4.1 Resultados e discussões

4.1.4 Análise de uma entrevista semiestruturada feita com as professoras

Ainda na fase de coleta de dados, foi realizada uma entrevista semiestruturada também com as professoras pesquisadas. Essa entrevista aconteceu na própria escola, após o término do ano letivo de 2014.

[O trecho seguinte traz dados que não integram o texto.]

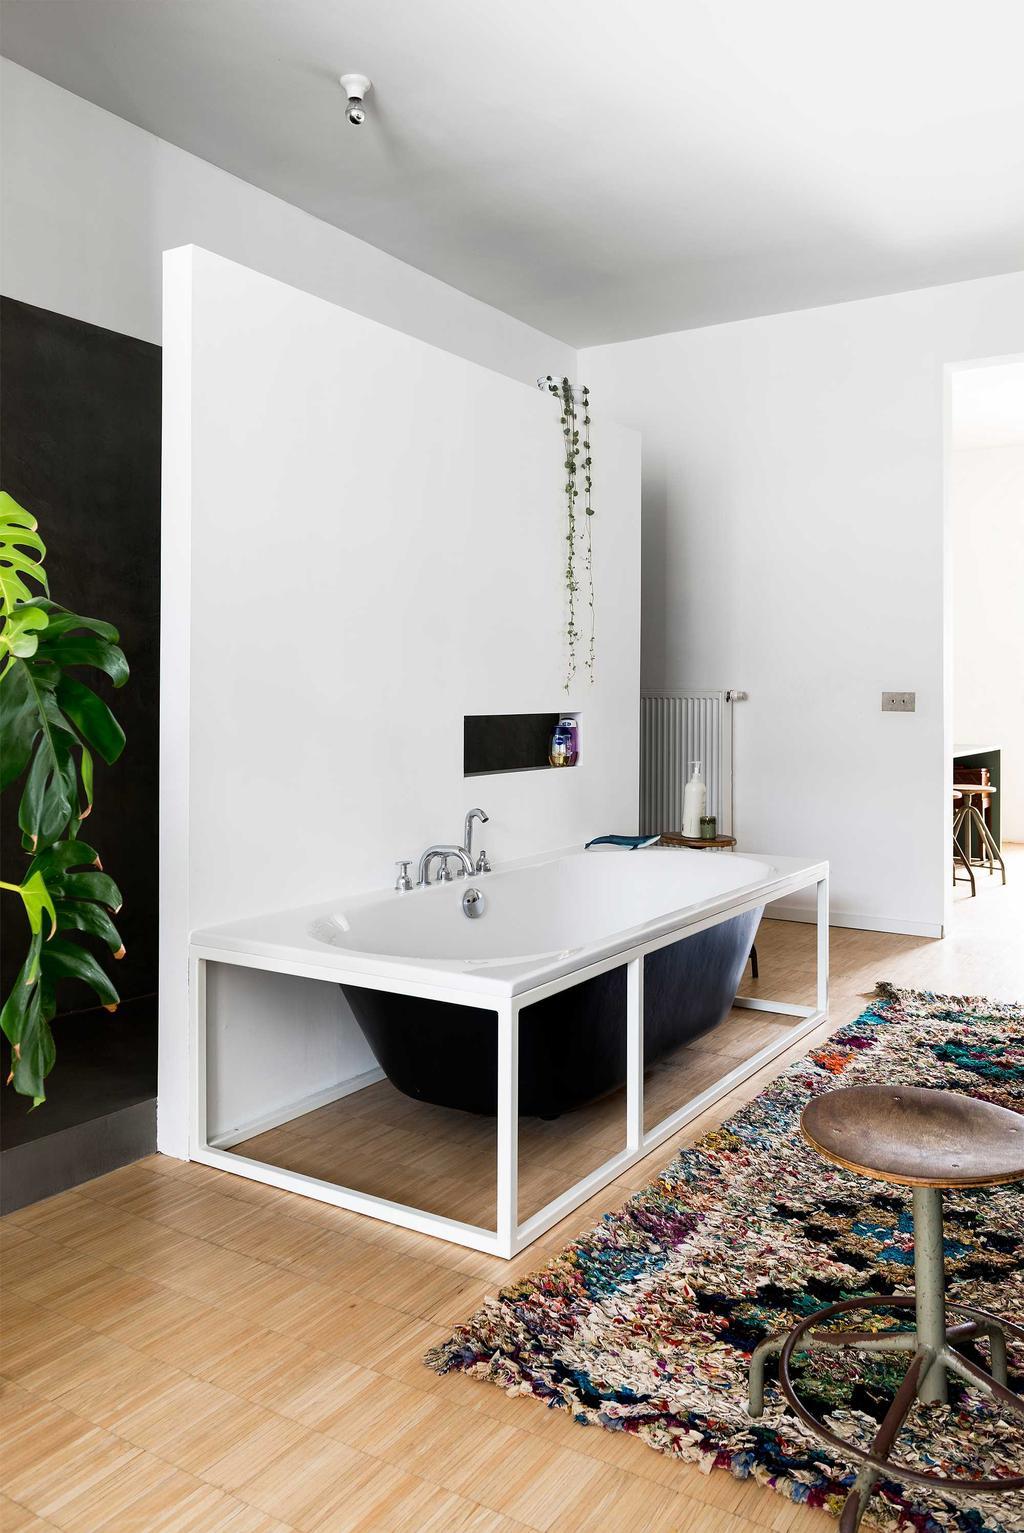 binnenkijker antwerpen badkamer

As perguntas de 1 a 5, feitas na abordagem inicial, tratavam da formação profissional de cada uma:

- P1) Fez graduação em Letras, na UNIPAC - Universidade Presidente Antônio Carlos (Ubá - MG), e Especialização em outra área, na EVATA (Viçosa - MG). Tinha 10 anos de experiência no ensino de Língua Portuguesa quando foi entrevistada.

- P2) Fez graduação em Letras, na UNOPAR EaD - Universidade Norte do Paraná (PR), e Especialização em Espanhol, na FIJ - Faculdades Integradas de Jacarepaguá (Jacarepaguá - RJ). Ao final de 2014, tinha 7 anos de experiência no ensino de Língua Portuguesa.

A pergunta nº 6 tratou, especificamente, da relação entre as professoras e a pesquisadora durante a coleta de dados: "O que você achou da minha pesquisa, da minha presença nas suas aulas?"

P1 respondeu: "Muito proveitosa, porque eu não tinha preparação. Eu aprendi. Não tive esse tipo de preparação na faculdade."

P2, por sua vez, disse que tinha ficado assustada no início, porque era o novo, o diferente, mas que tinha sido bem proveitoso, que tinha aprofundado algumas questões e servido para firmar o que ela já explicava, porque "um de fora tem mais crédito". Falou também que vinha tentando mudar sua prática, mas deixava pouco tempo para a redação. Refletindo sobre essa prática, disse ter abandonado o livro didático e ter percebido mais interesse dos alunos depois de tal decisão.

Ao analisar essas respostas, é importante destacar a falta de confiança na formação acadêmica (mencionada por P1) e a aprendizagem por meio da própria prática (conforme disse P2).

A 7ª pergunta tratou da prática de ensino de redação: "Nas suas aulas do dia-a-dia, geralmente, como são as aulas de redação?"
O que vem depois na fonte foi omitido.